Information supplied:
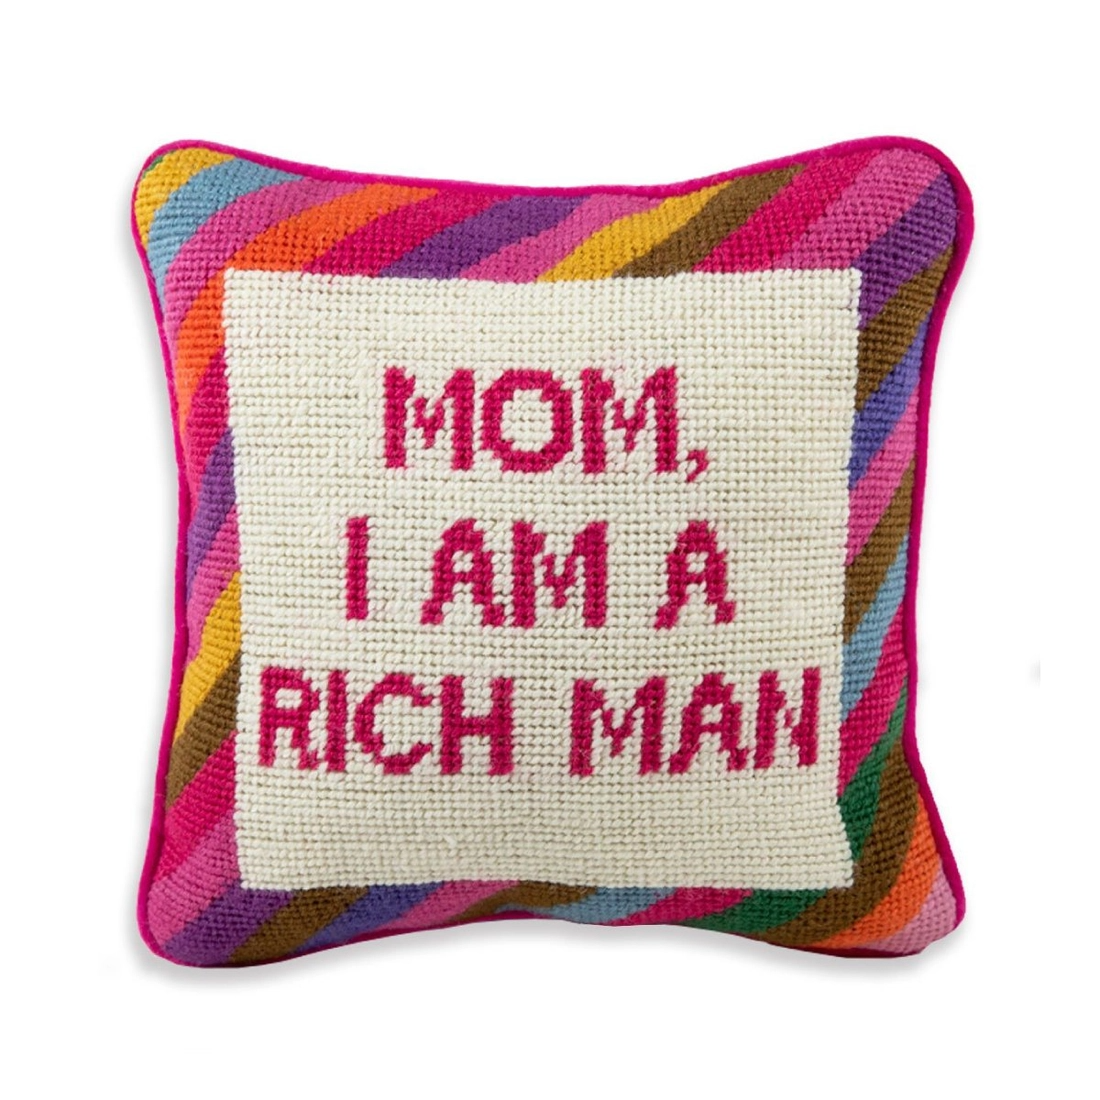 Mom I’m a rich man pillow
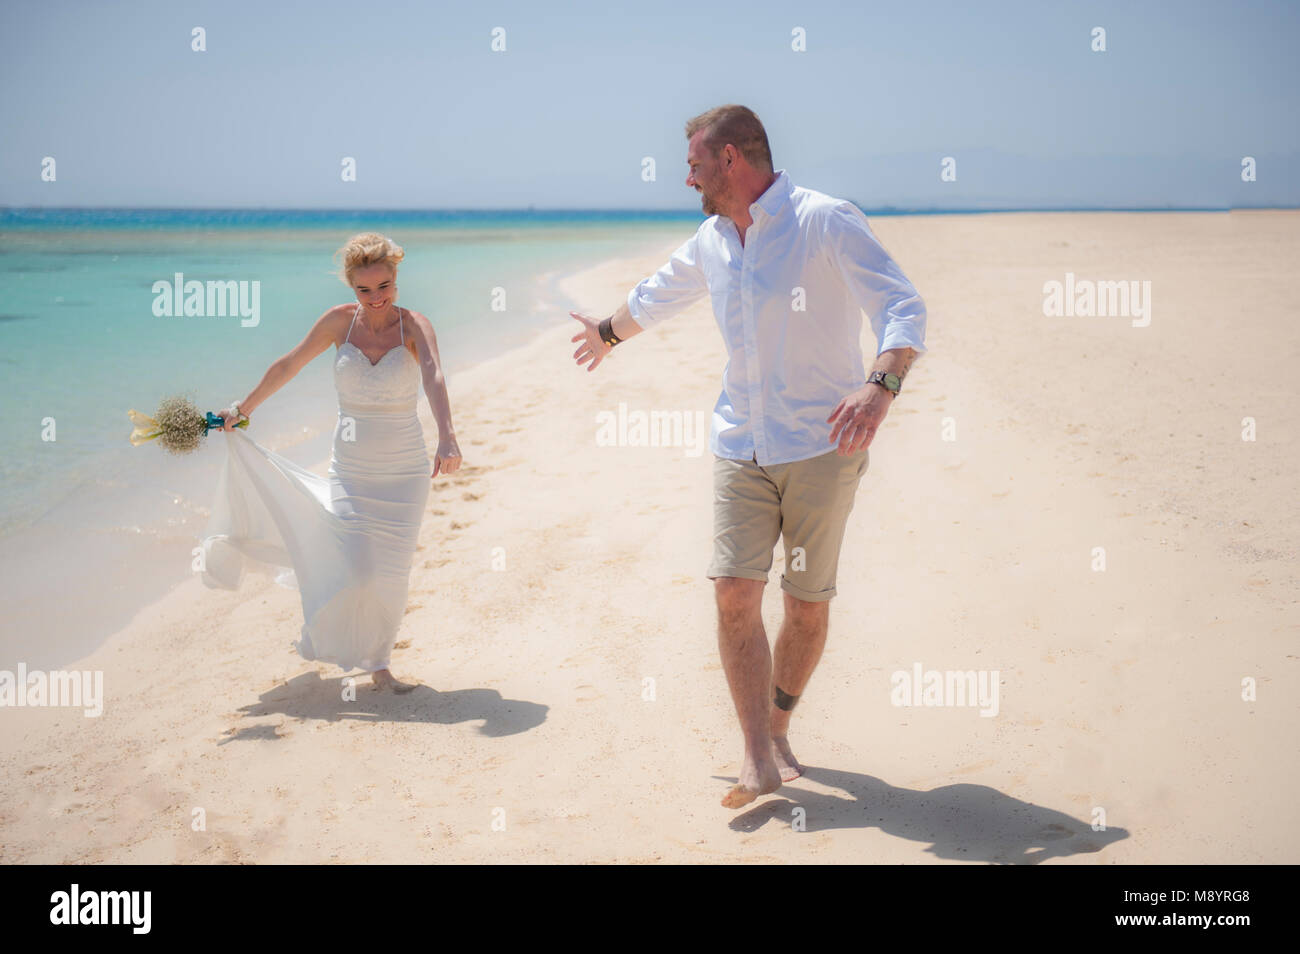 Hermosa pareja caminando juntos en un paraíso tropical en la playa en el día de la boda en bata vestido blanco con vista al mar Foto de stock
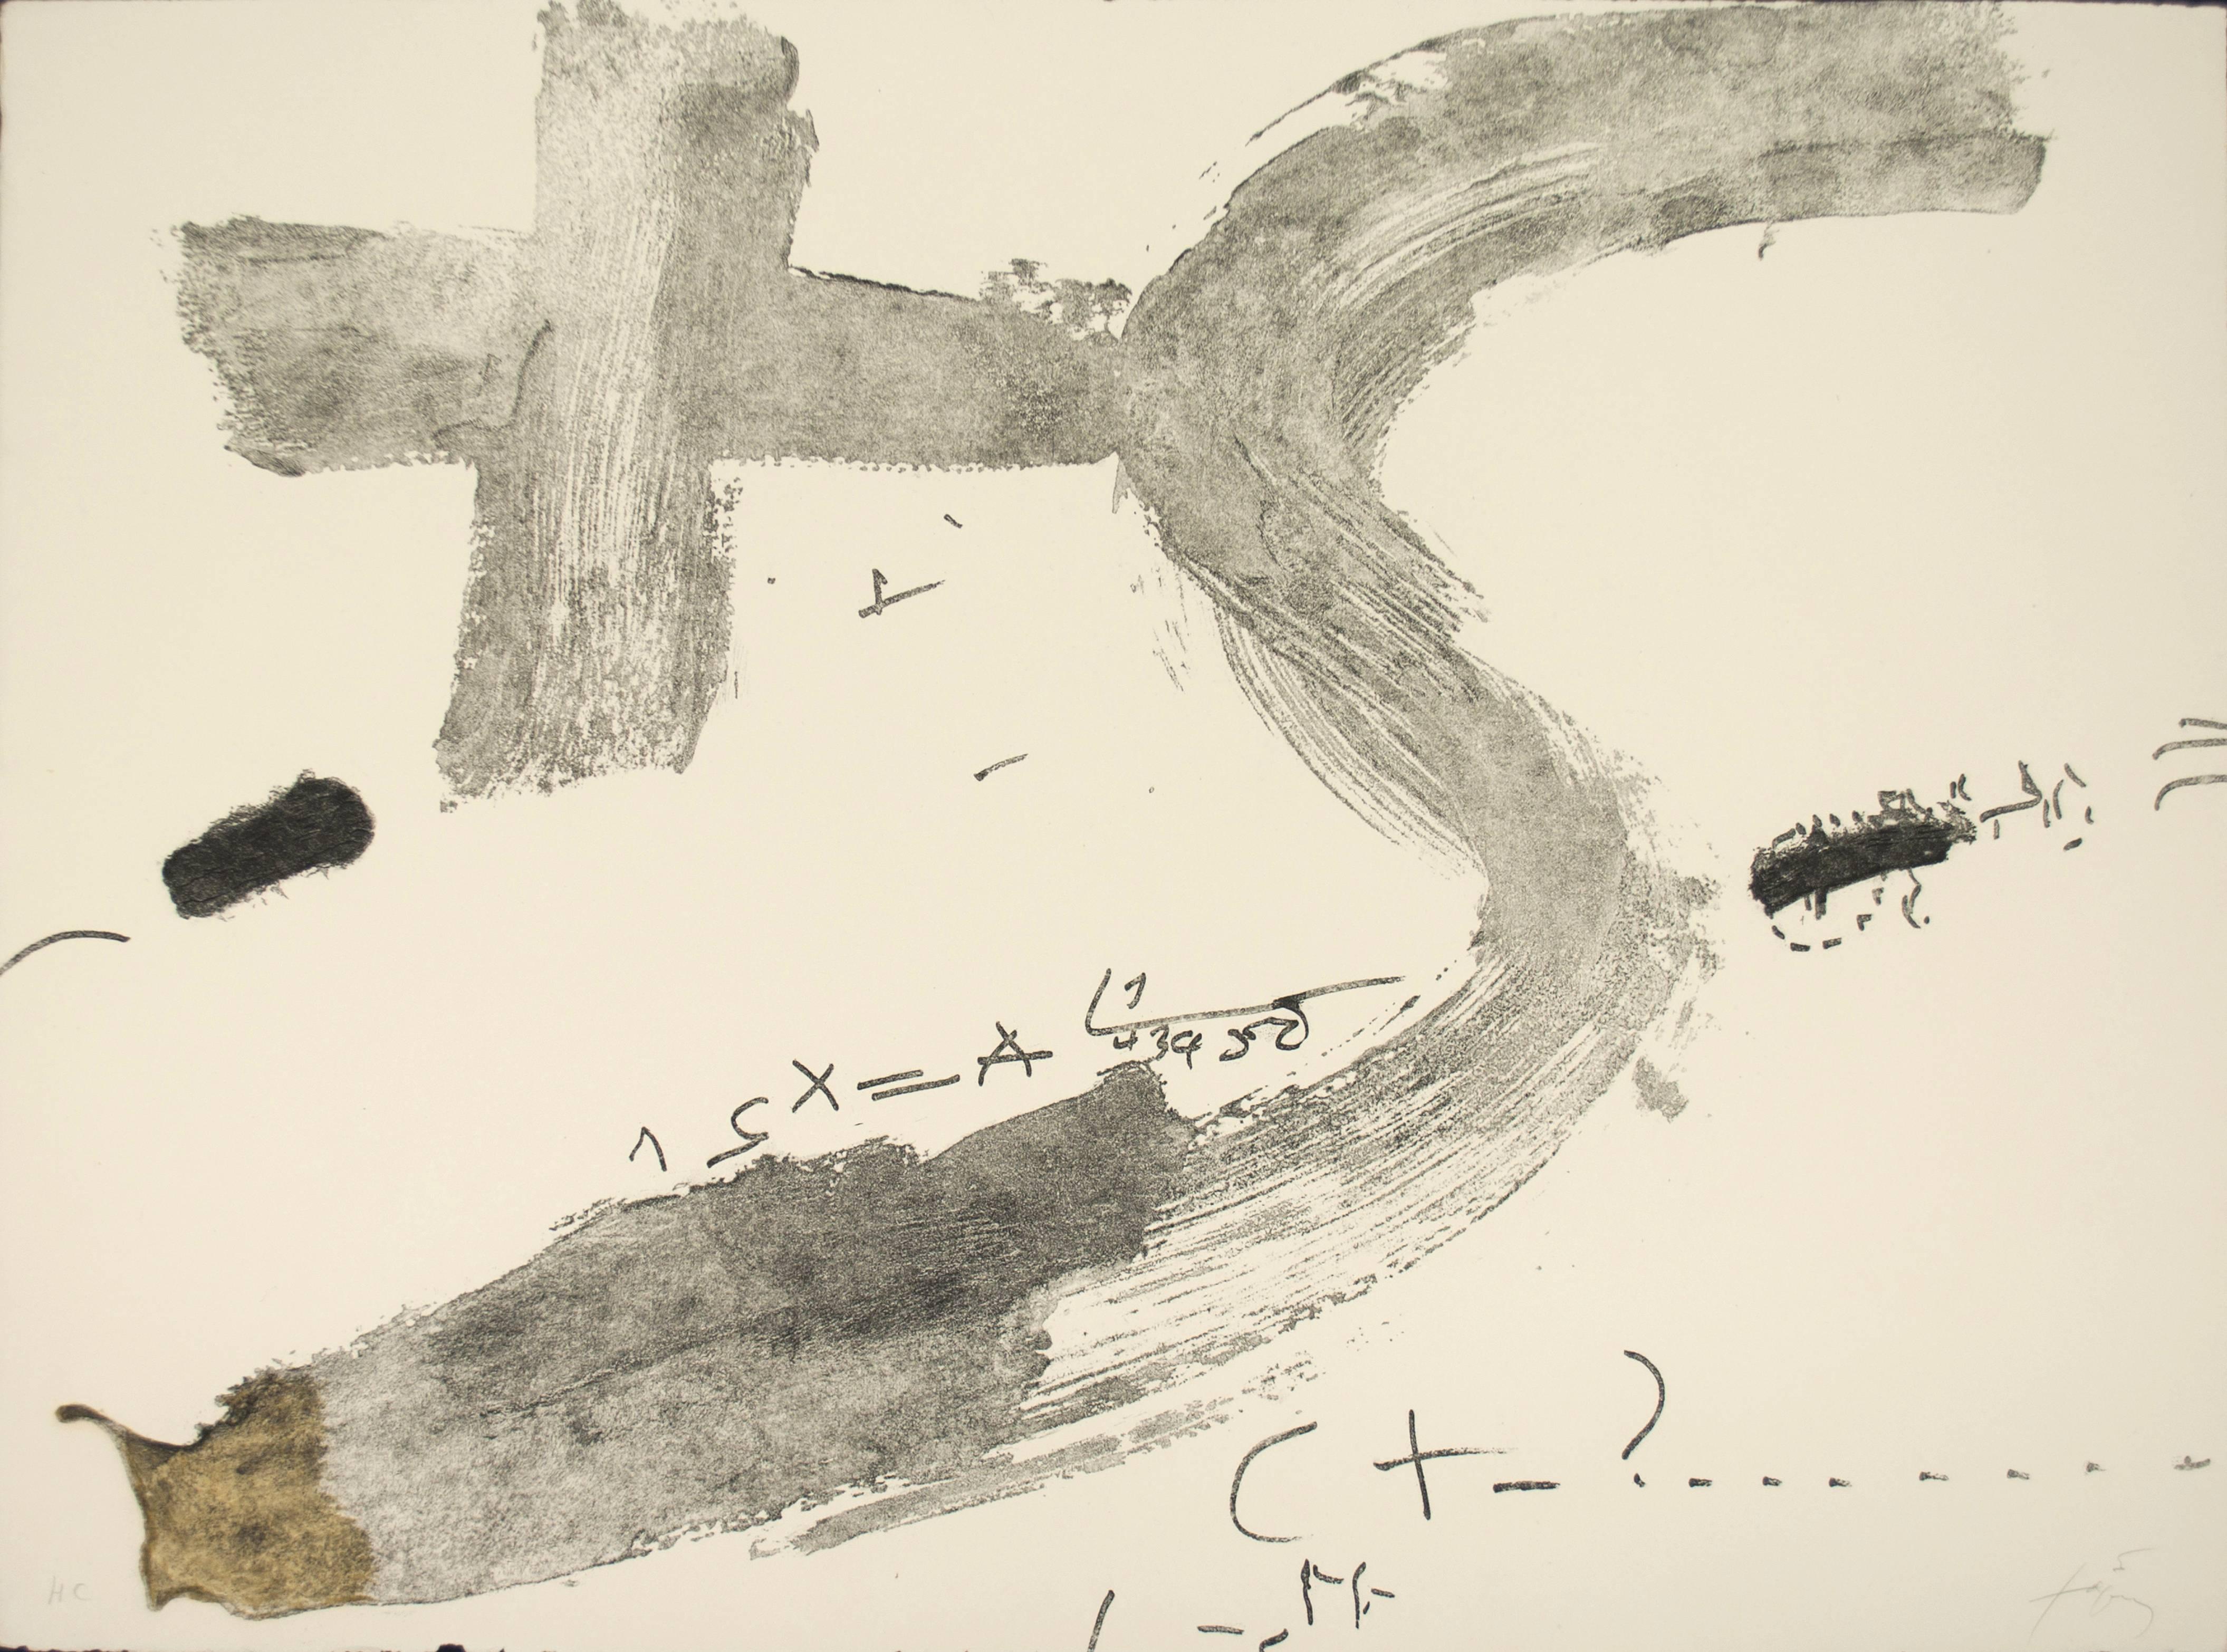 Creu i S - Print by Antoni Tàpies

Task details:
Your copy should match the listing exactly, apart from the pictures it leaves out.

Task solution:
 Mom I’m a rich man pillow
 Hermosa pareja caminando juntos en un paraíso tropical en la playa en el día de la boda en bata vestido blanco con vista al mar Foto de stock
 Creu i S - Print by Antoni Tàpies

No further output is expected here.